Against an apparently weaker enemy, a handful of Puritans, she did not prevail. They were men who had felt the influence of Calvin; some of them had visited Calvin's Geneva as Marian refugees; many of them had read the Bible in a translation made and annotated by Geneva Calvinists; some had heard or read the blasts of John Knox's trumpet; some may have heard echoes of Wyclif's Lollard "poor priests."

Taking the Bible as their infallible guide, they found nothing in it about the episcopal powers and sacerdotal vestments that Elizabeth had transferred from the Roman to the Anglican Church; on the contrary, they found much about presbyters' having no sovereign but Christ.

They acknowledged Elizabeth as head of the Church in England, but only to bar the pope; in their hearts they rejected any control of religion by the state, and aspired to control of the state by their religion. Toward 1564 they began to be called Puritans, a term of abuse because they demanded the purification of English Protestantism from all forms of faith and worship not found in the New Testament.

They took the doctrines of predestination, election, and damnation deeply to heart, and felt that hell could be escaped only by subordinating every aspect of life to religion and morality. As they read the Bible in the solemn Sundays of their homes, the figure of Christ almost disappeared against the background of the Old Testament's jealous and vengeful Jehovah.

The Puritan attack on Elizabeth took form (1569) when the lectures of Thomas Cartwright, professor of theology at Cambridge, stressed the contrast between the Presbyterian organization of the early Christian Church and the episcopalian structure of the Anglican Establishment.

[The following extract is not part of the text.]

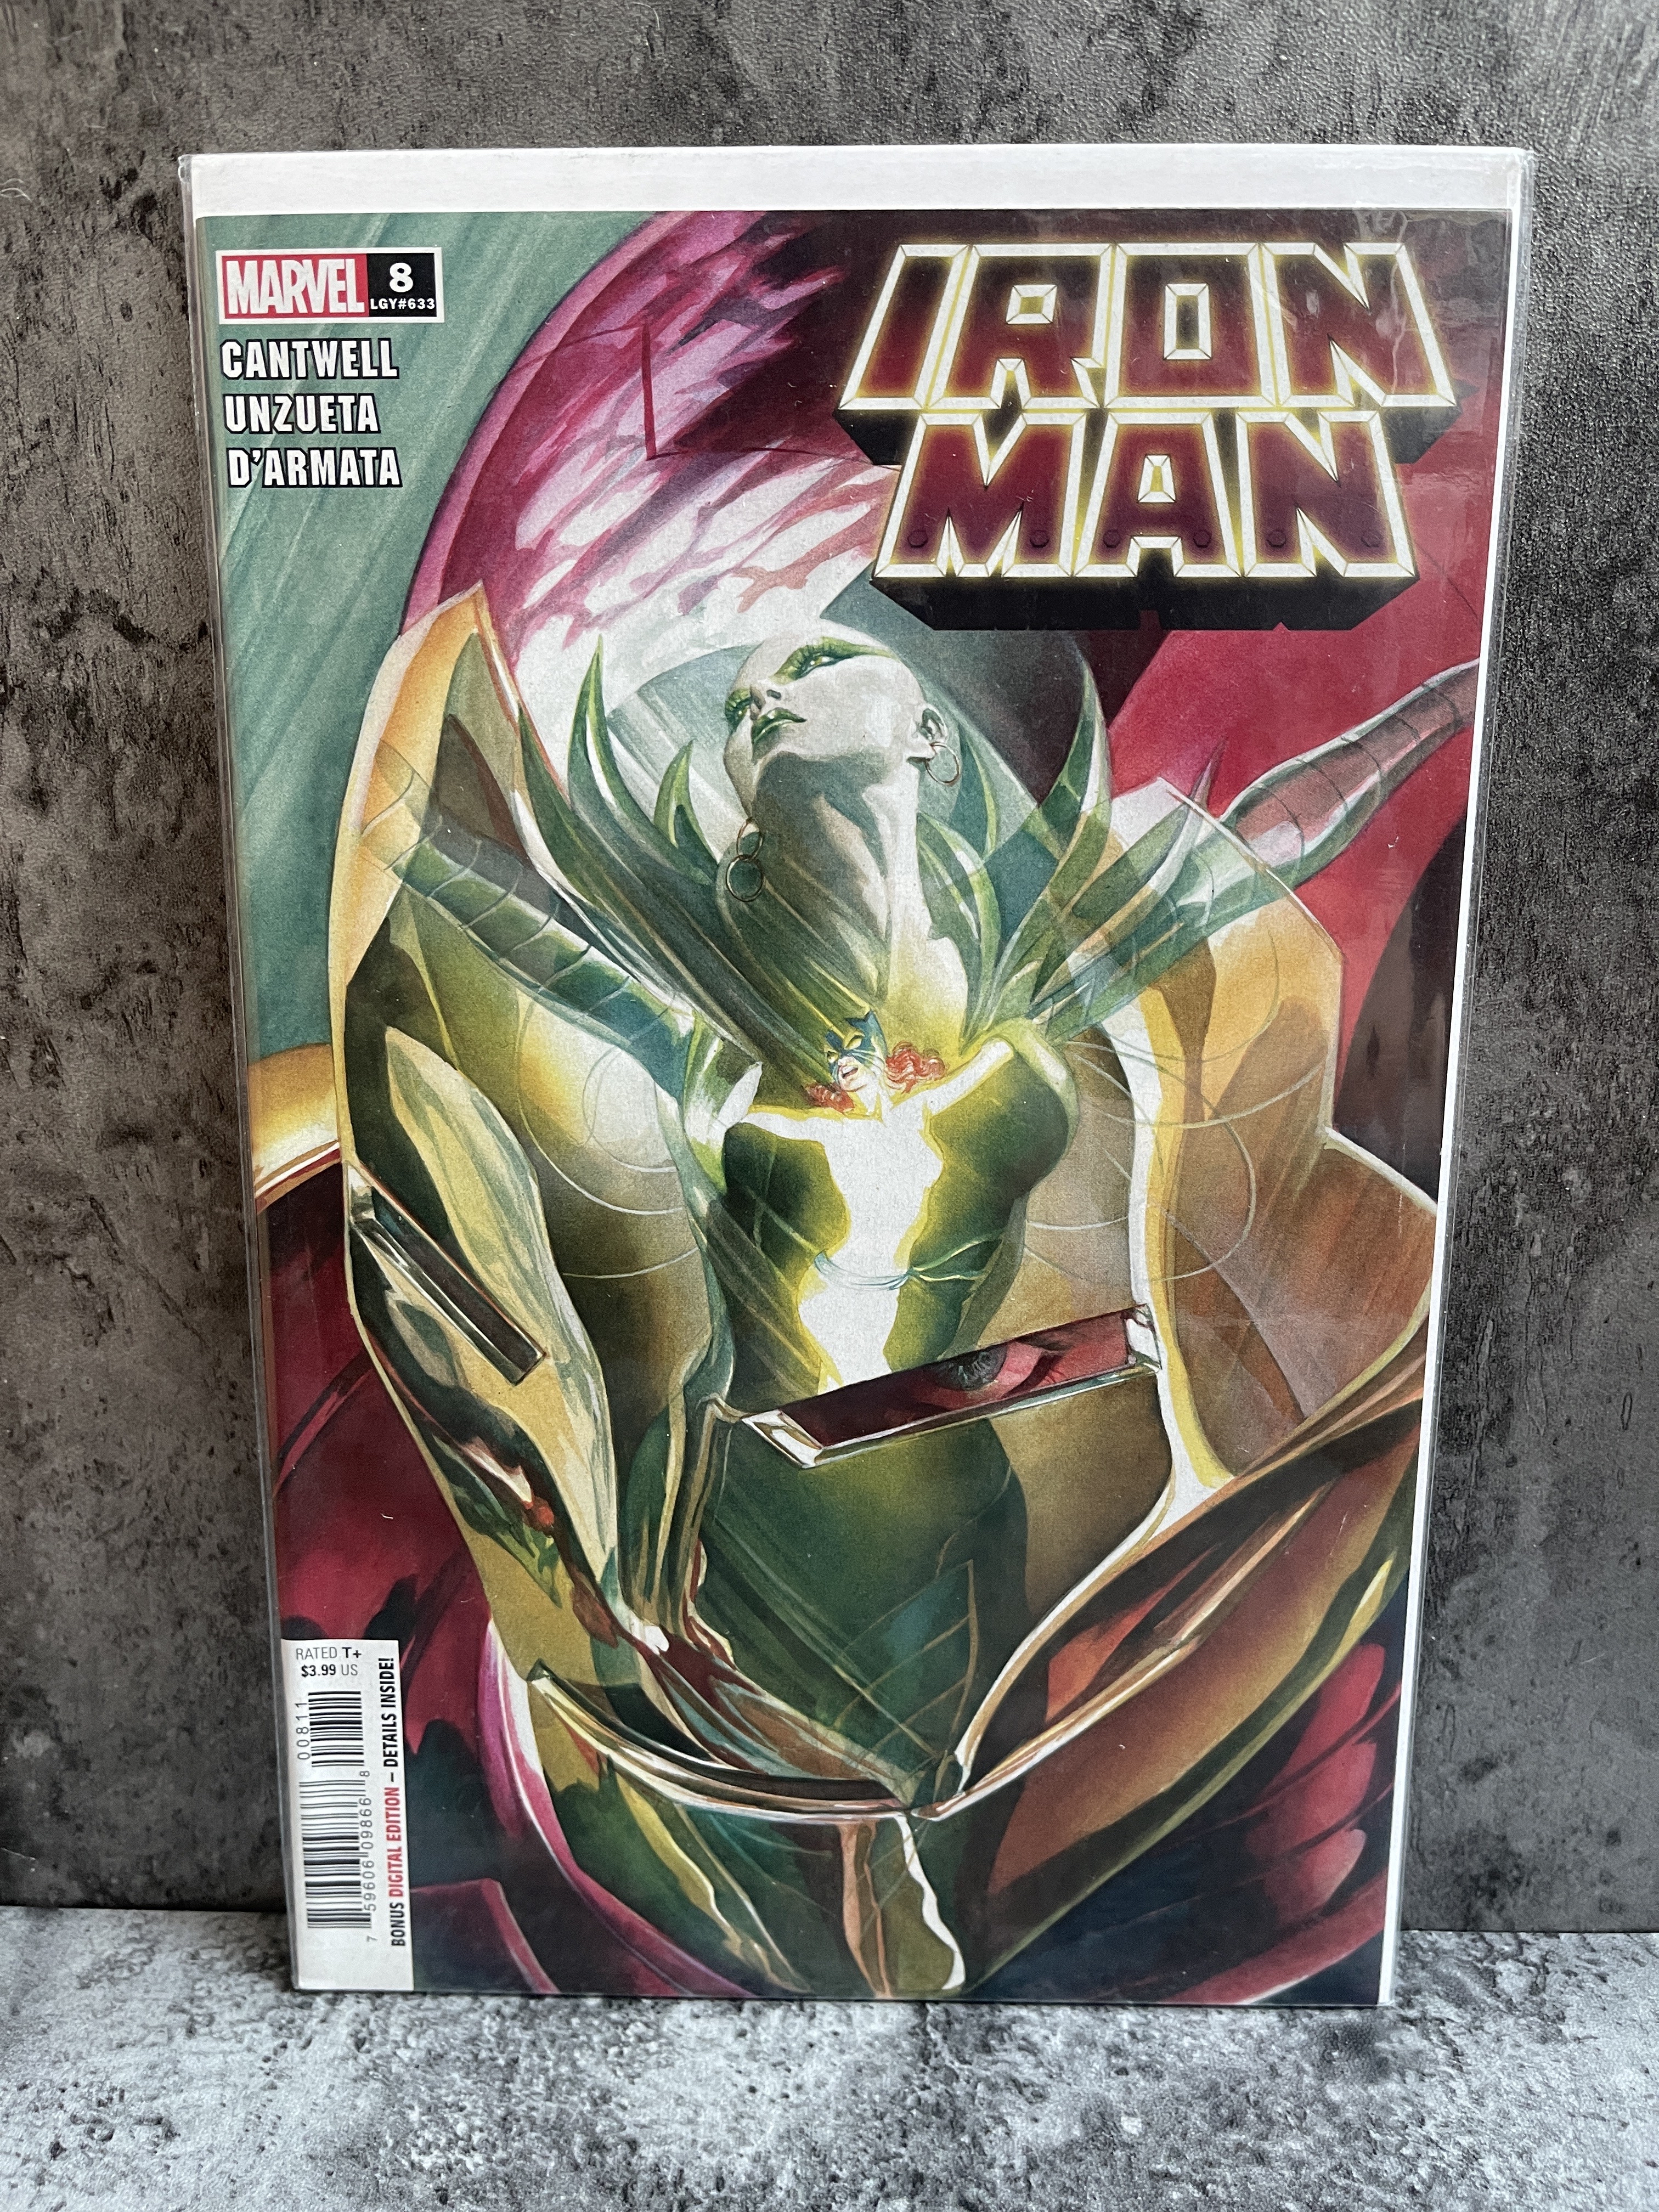 《本期全是好刊》美漫杂志海报刊物限定变体可评cgc钢铁侠ironman

Many of the faculty supported Cartwright, but John Whirgift, headmaster of Trinity College, denounced him to the Queen and secured his dismissal from the teaching staff (1570). Cartwright immigrated to Geneva, where, under Theodore de Beze, he imbibed the full ardor of Calvinist theocracy.

Returning to England, he shared with Walter Travers and others in formulating the Puritan conception of the Church. Christ, in their view, had arranged that all ecclesiastical authority should be vested in ministers and lay elders elected by each parish, province, and state. The consistories so formed should determine creed, ritual, and moral code in conformity with Scripture. They should have access to every home, power to enforce at least outward observance of "godly living," and the right to excommunicate recalcitrant and condemn heretics to death. The civil magistrates were to carry out these disciplinary decrees, but the state was to have no spiritual jurisdiction whatever.

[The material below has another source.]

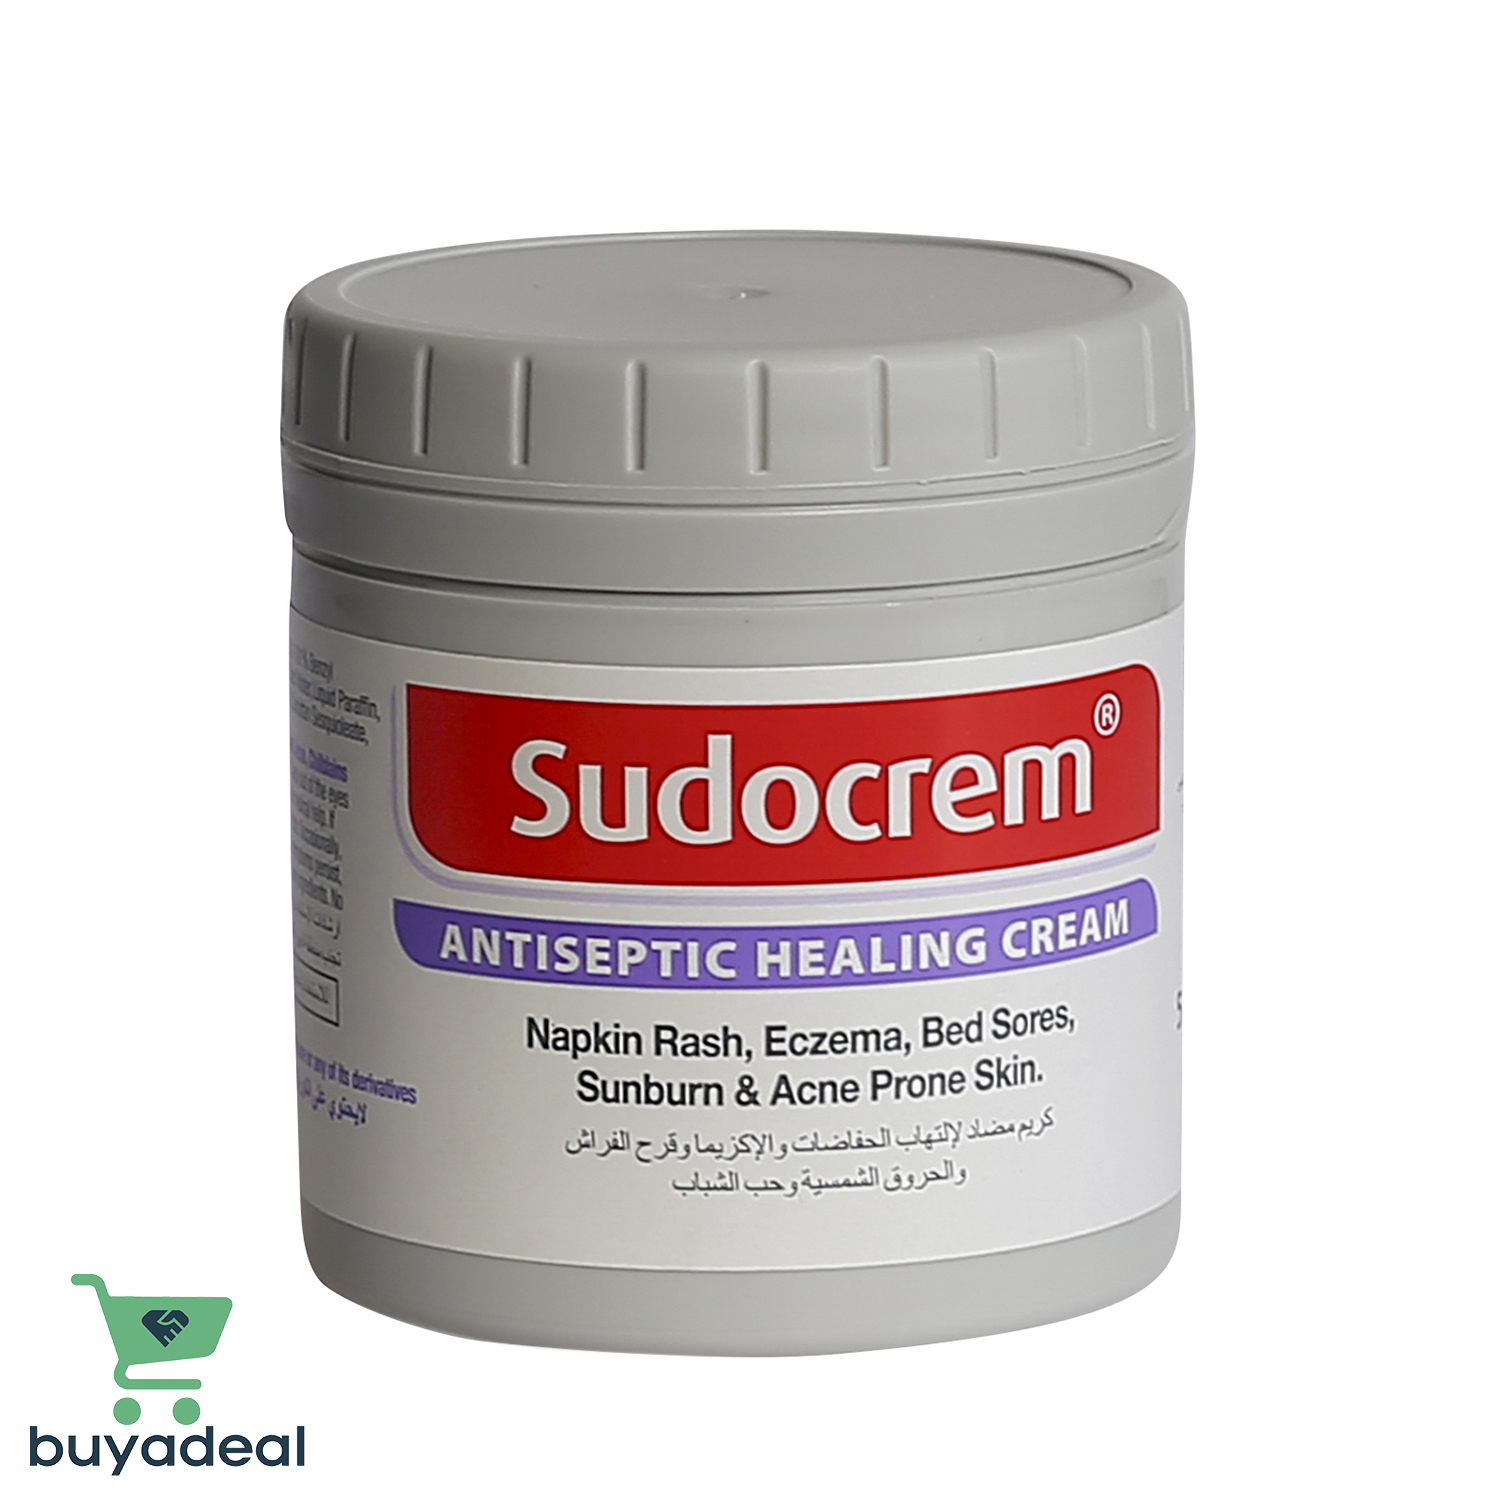 Buyadeal Product Sudocrem Antiseptic Healing Cream, 125g

The first English parish organized on these principles was set up at Wandsworth in 1572, and similar "presbyteries" sprang up in the eastern and middle counties. By this time the majority of the London Protestants, and of the House of Commons, were Puritans. The artisans of London, powerfully infiltrated by Calvinist refugees from France and the Netherlands, applauded the Puritan attack on episcopacy and ritual. The businessmen of the capital looked upon Puritanism as the bulwark of Protestantism 'against a Catholicism traditionally unsympathetic to "usury" and the middle classes.

Calvin was a bit too strict for them, but he had sanctioned interest and had recognized the virtues of industry and thrift. Even men close to the Queen had found some good in Puritanism; Cecil, Leicester, Valsingham, and Knollys hoped to use it as a foil to Catholicism if Mary Stuart reached the English throne.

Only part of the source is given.